Recent work has explored replacing classical matching mechanisms with fully learnable attention. Co-MOT [46] trains with a coopetition-aware query strategy that balances object discovery with identity consistency, while TADN [47] removes Hungarian matching in favor of a transformer-based assignment decoder. These models show that conflict resolution in data association can be learned directly, offering more flexibility than fixed optimization heuristics.

Transformer-based MOT represents a paradigm shift: query propagation enables stable identity retention, spatially aligned attention improves consistency, memory augmentation provides robustness under occlusion, and learnable conflict resolution replaces rigid matching algorithms. Collectively, these advances highlight how attention-based sequence modeling is reshaping multi-object tracking.

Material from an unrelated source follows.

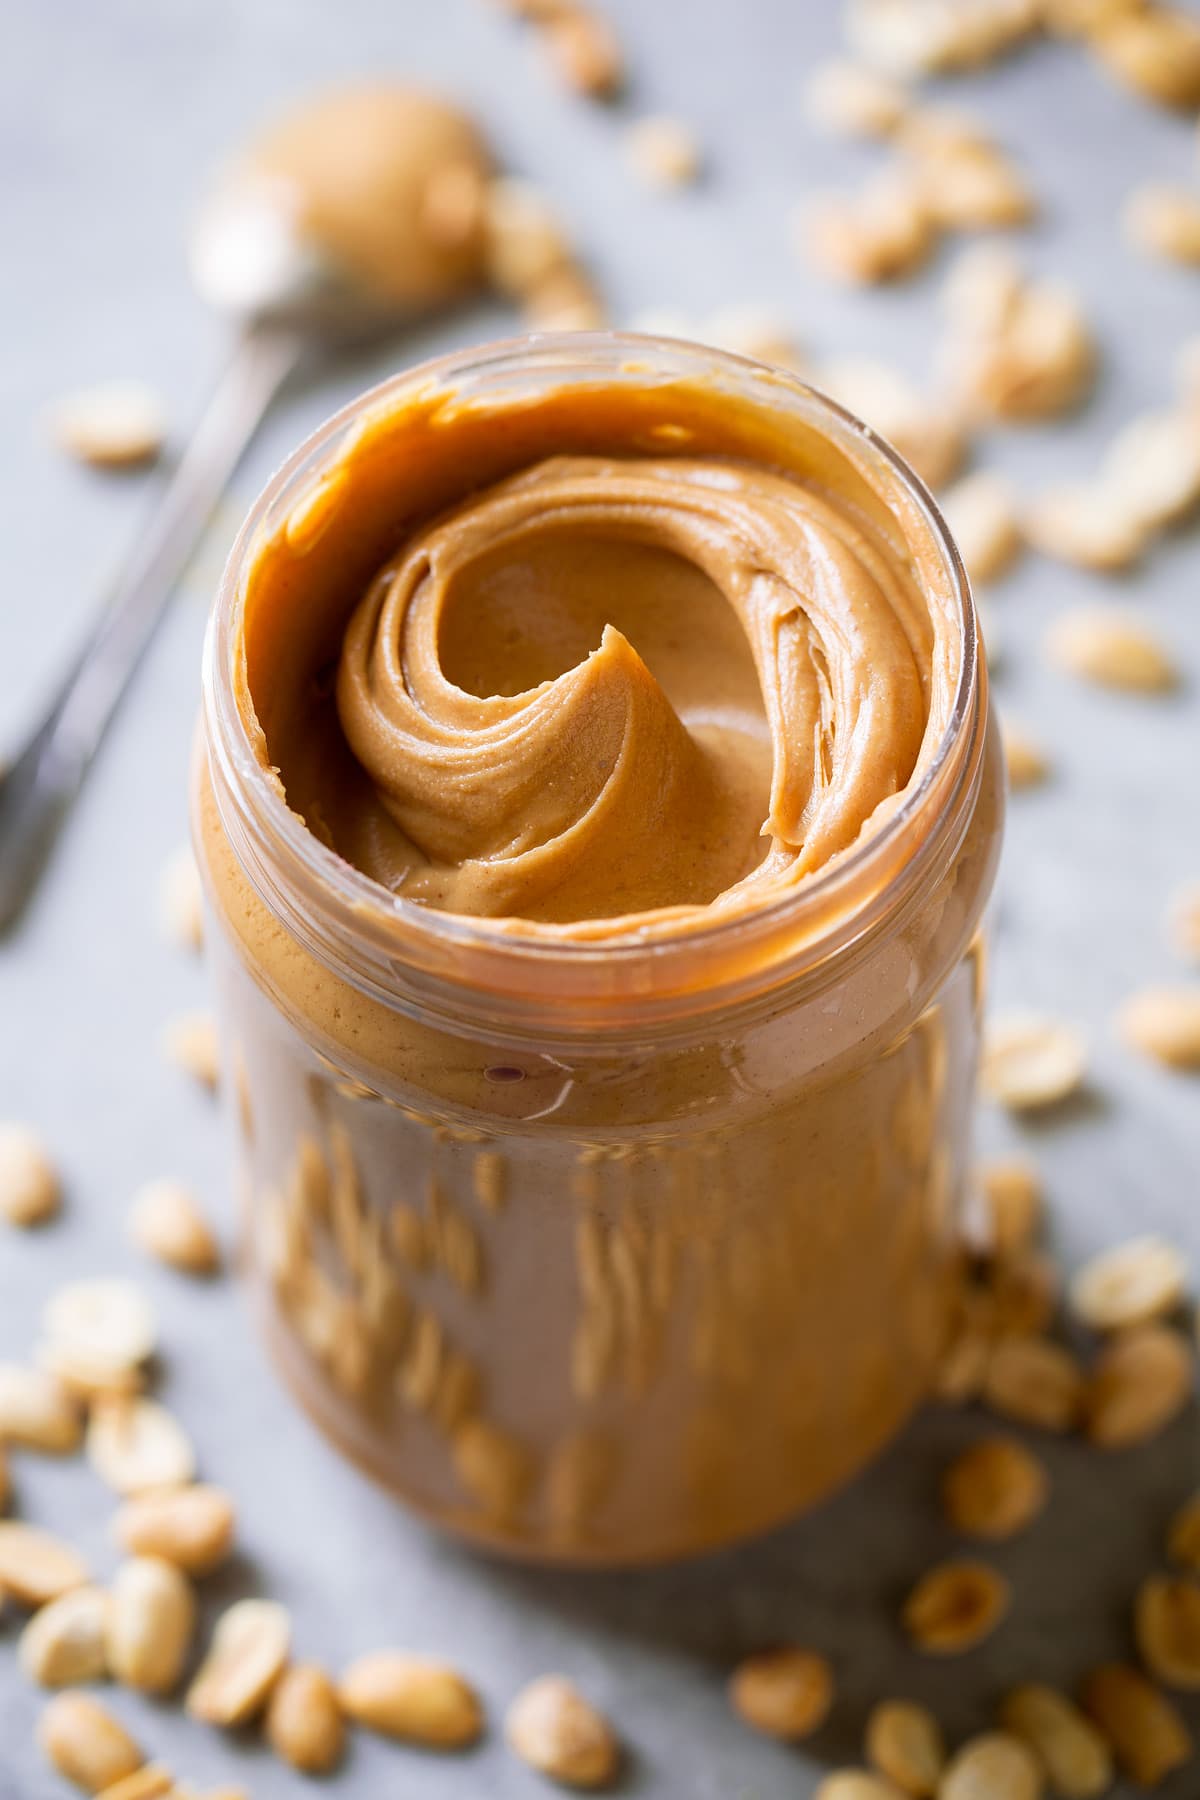 Image of creamy peanut butter in jar, type of peanut butter used for Peanut Butter Cookies

5.4. Multi-Modal and 3D Multi-Object Tracking

While traditional Multi-Object Tracking (MOT) systems typically rely on RGB imagery, many real-world applications—such as autonomous driving, robotics, and surveillance—demand robustness to occlusion, clutter, and long-range perception. To meet these requirements, modern approaches increasingly incorporate depth sensors, LiDAR, radar, and inertial measurements. Multi-modal inputs provide complementary cues that enhance localization accuracy and improve identity association under challenging conditions. Three main families of approaches can be distinguished.

5.4.1. RGB-D tracking

Depth information supplies geometric cues that support scale estimation and foreground–background separation. Early RGB-D trackers such as DS-KCF [48] and OTR [49] integrated color and depth channels in correlation filters to adapt templates dynamically and suppress distractors. These classical methods, however, suffered when depth data was sparse or noisy in outdoor settings. More recent deep RGB-D approaches [50] adopt gated attention and confidence-aware fusion to combine modalities more effectively:

f_{fused} = Fusion (ϕ_{RGB} (I_{t}), ϕ_{D} (D_{t})),

(2)

where

I_{t}

and

D_{t}

represent RGB and depth frames. By learning the reliability of depth cues spatially, these networks improve accuracy, though challenges remain in calibration, real-time speed, and generalization beyond controlled environments.

5.4.2. LiDAR-based 3D MOT

LiDAR sensors yield 3D point clouds that capture structure with high spatial accuracy but little appearance detail. Tracking in this setting involves associating objects directly in world coordinates, often through Bird’s Eye View (BEV) representations. AB3DMOT [51] combines Kalman filtering with 3D IoU constraints to match bounding boxes across frames. More advanced methods such as CenterPoint [52] incorporate velocity priors to improve continuity, while transformer-based UVTR-MOT [53] encodes spatiotemporal dependencies via voxelized representations. These methods achieve strong results on large-scale datasets like nuScenes [54] and Waymo [55], but the computational burden and sensitivity to sparse points in distant regions remain open issues.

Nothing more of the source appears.